Friday, August 27, 2010

Session 5:Interface

One of the most interesting and intriguing concept that is an absolute necessity if you are to understand Object Orientation principles is an interface. The main usage is around re-usability and minimum change necessary when adhering to a contract.

What is it?

An interface is a contract. There may be several implementations of an interface.

Analogy:
I want to use a service provider for my tv.
I have paid BT and they deliver their "custom" set-top box to use.

In 6 months time I am fed up with BT and want to switch over to Sky.
Obviously I can't use the same set-top box and I have to pay for the sky set-top box.

What if I had one set-top box which spoke to all these providers?

And that is the interface. A set-top box which is a common contract for all service providers.
It is a specification/standard which has to be adhered by the service provider.

In language terms it is a service contract which provides specifications or method declarations.
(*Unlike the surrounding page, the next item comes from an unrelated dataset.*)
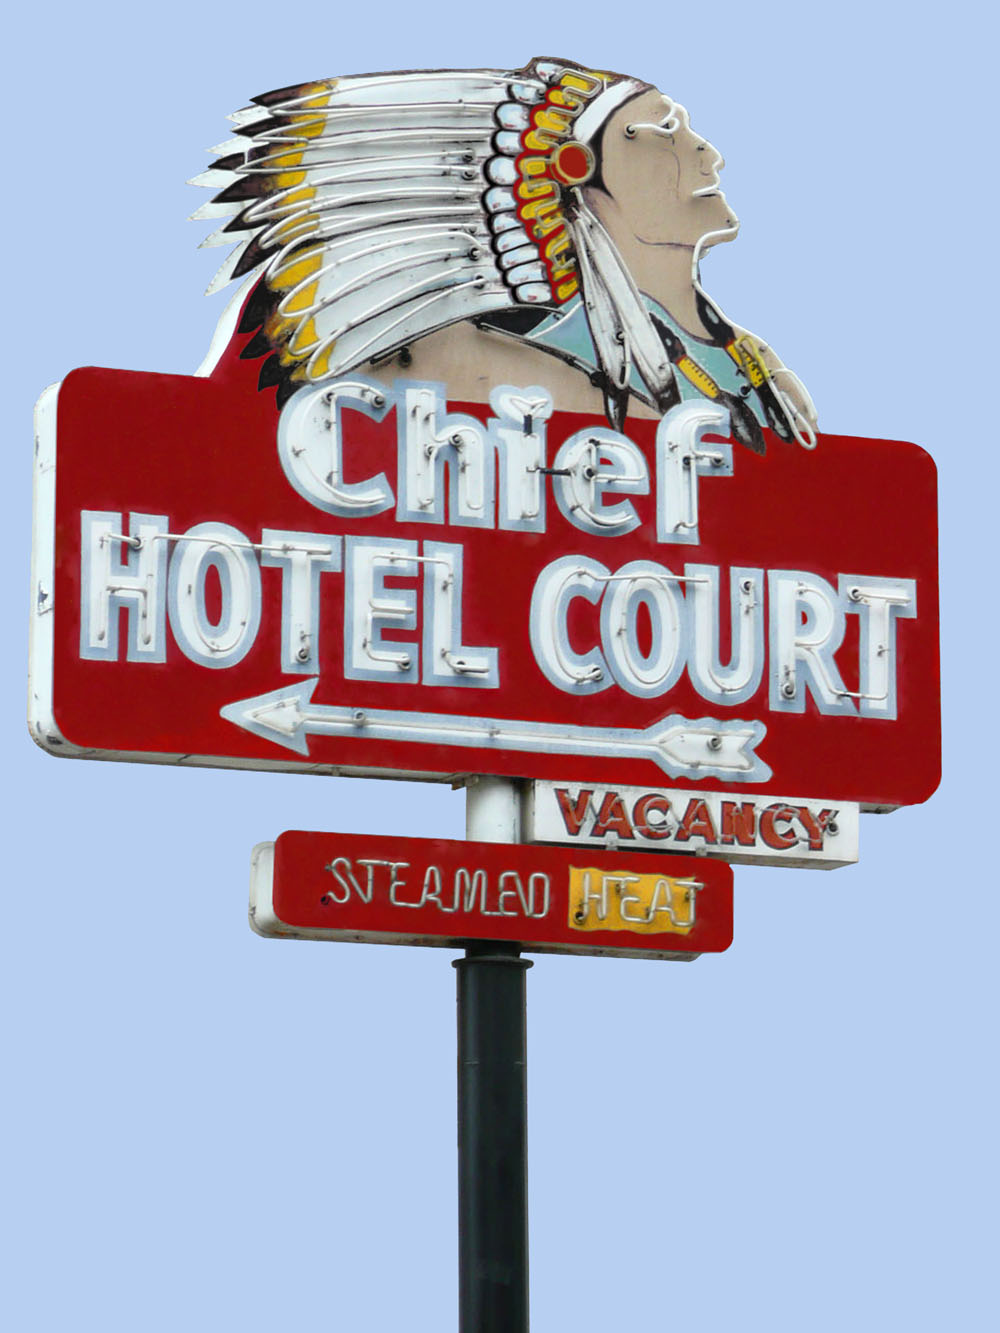 Chief Hotel Court

Your service providers are to implement the interface and adhere to the contract, so that as a user of that service, switching over is easier and reduces complexity and cost.

Example:
Service:
public interface Jms{
public void storeMessage(String message);
public String getMessage();
}

ServiceProvider 1 [ActiveMQ]:
public class ActiveMQProvider implements Jms {
private Message message = new Message();
@Override
public void storeMessage(String message) {
message.store (message);
}

@Override
public String getMessage() {
return message.retrieve();
}
}

ServiceProvider 2 [IBM-MQ]:
public class IbmMQProvider implements Jms {

private String message;

@Override
public void storeMessage(String message) {
this.message = message;
}

@Override
public String getMessage() {
return this.message;
}
}

Service Client:

public class JmsClient {

public static void main(String args[]) {
useJmsService();
}

private static void useJmsService() {
Jms jms = new IbmMQProvider();
//To switch service: comment the previous line and un-comment the next line
//Jms jms = new ActiveMQProvider();
jms.sendMessage("Message in a bottle");
System.out.println(jms.getMessage());
}

}

Benefit:

The benefit/advantage is from the client's perspective. It is the user of these services who gains from it all. To switch services you dont have to re-do your entire Service Client code base. Just a change in ServiceProvider will do. Well that should be the aim anyway. Because in the real world nothing is too simple.

Wednesday, August 25, 2010

Session 4: More on data types - primitives

Java is a statically typed language, which means you have to declare the variable before defining/using it. There is a difference between declaration and definition of a variable.

Take the following case:
//declaration
Object object;
//definition
object = new Object();

Unless you define a variable using it may result in a null pointer exception.

There are broadly 2 types of variables.
Primitives and Object variables.

Primitives are a group of commonly used datatypes provided in java.
8 types of primitives(size defined in bits) are listed.
byte(8), short(16), int(32), long(64), float(32), double(64), boolean(1) and char(16).

int i = 10;

There are object wrappers in Java for these primitives .

Integer integer = new Integer(10);
int i = integer.intValue();

Since numerical variables are used very often, using them as primitives provides greater performance benefit compared to object wrappers.